Each line of the data below from the one holding "Octavia Elizabeth +" to the one holding "JINSHI Mens Lounge/Sleep", inclusive, is to be reproduced exactly; no other line belongs in the answer.

» INPUT DATA
━━━━━━━━━━━━━━━━━━━━

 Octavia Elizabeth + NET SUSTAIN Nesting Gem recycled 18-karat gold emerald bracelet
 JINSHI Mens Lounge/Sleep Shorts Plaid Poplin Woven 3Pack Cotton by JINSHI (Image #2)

━━━━━━━━━━━━━━━━━━━━

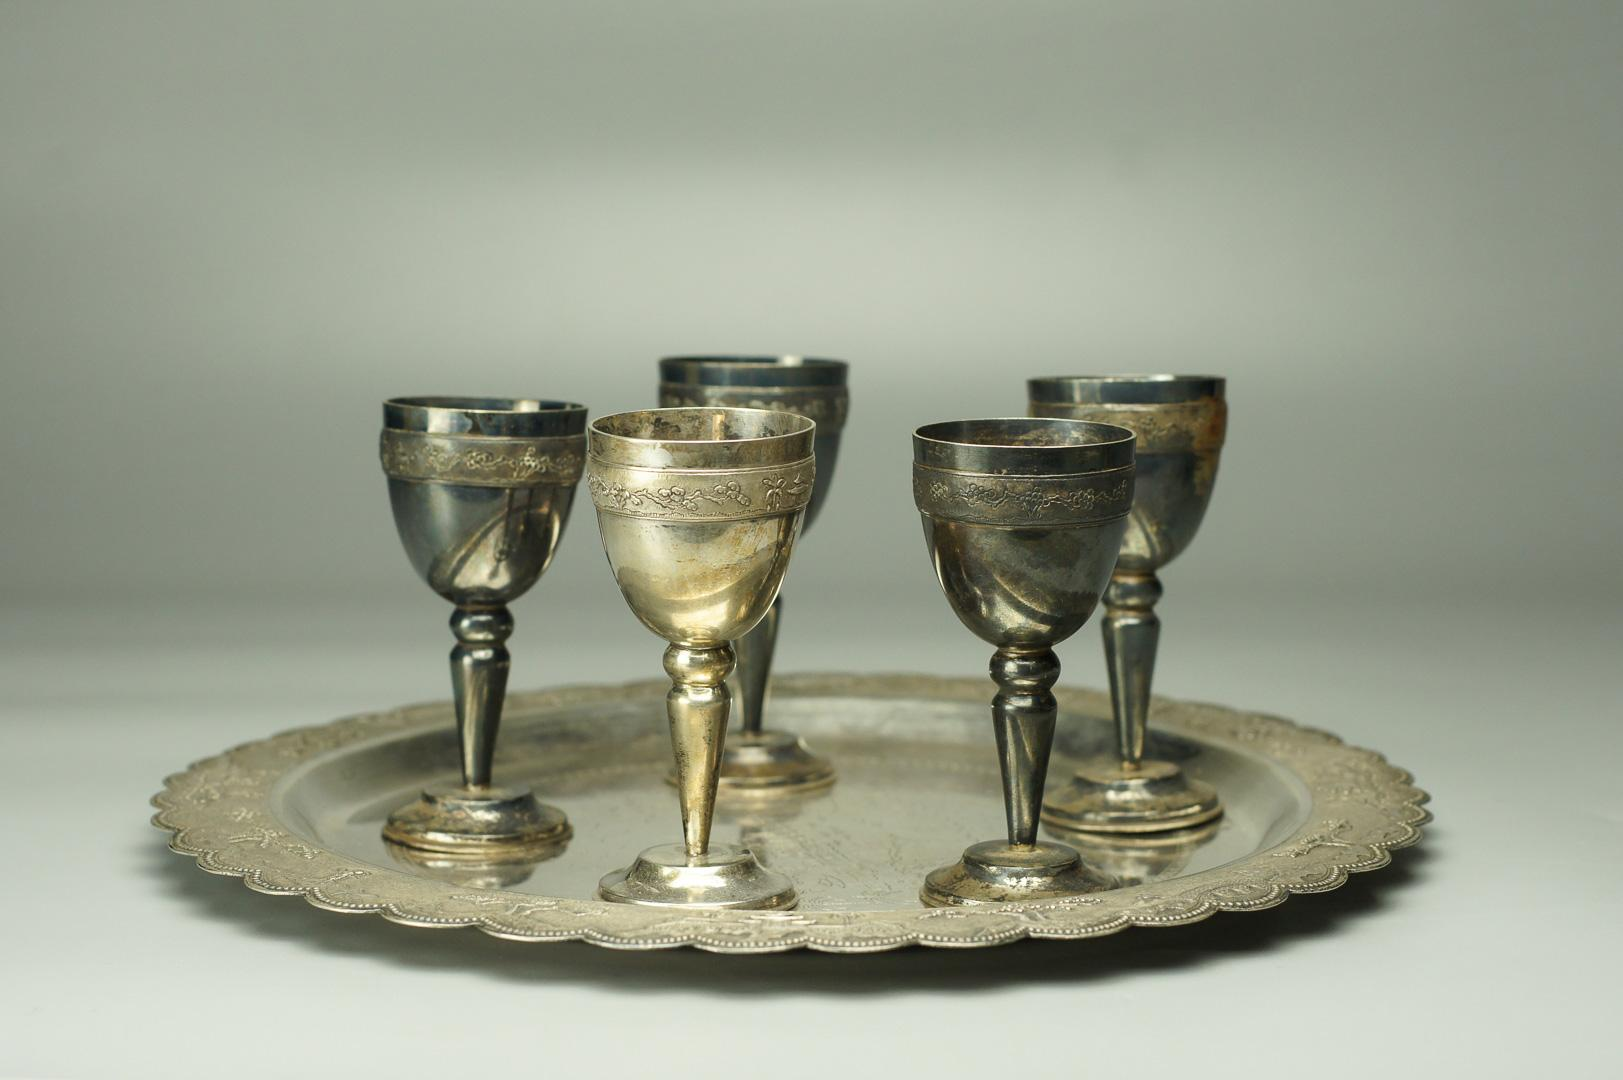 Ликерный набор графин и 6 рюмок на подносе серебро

━━━━━━━━━━━━━━━━━━━━

» SOLUTION TO THE PROBLEM
 Octavia Elizabeth + NET SUSTAIN Nesting Gem recycled 18-karat gold emerald bracelet
 JINSHI Mens Lounge/Sleep Shorts Plaid Poplin Woven 3Pack Cotton by JINSHI (Image #2)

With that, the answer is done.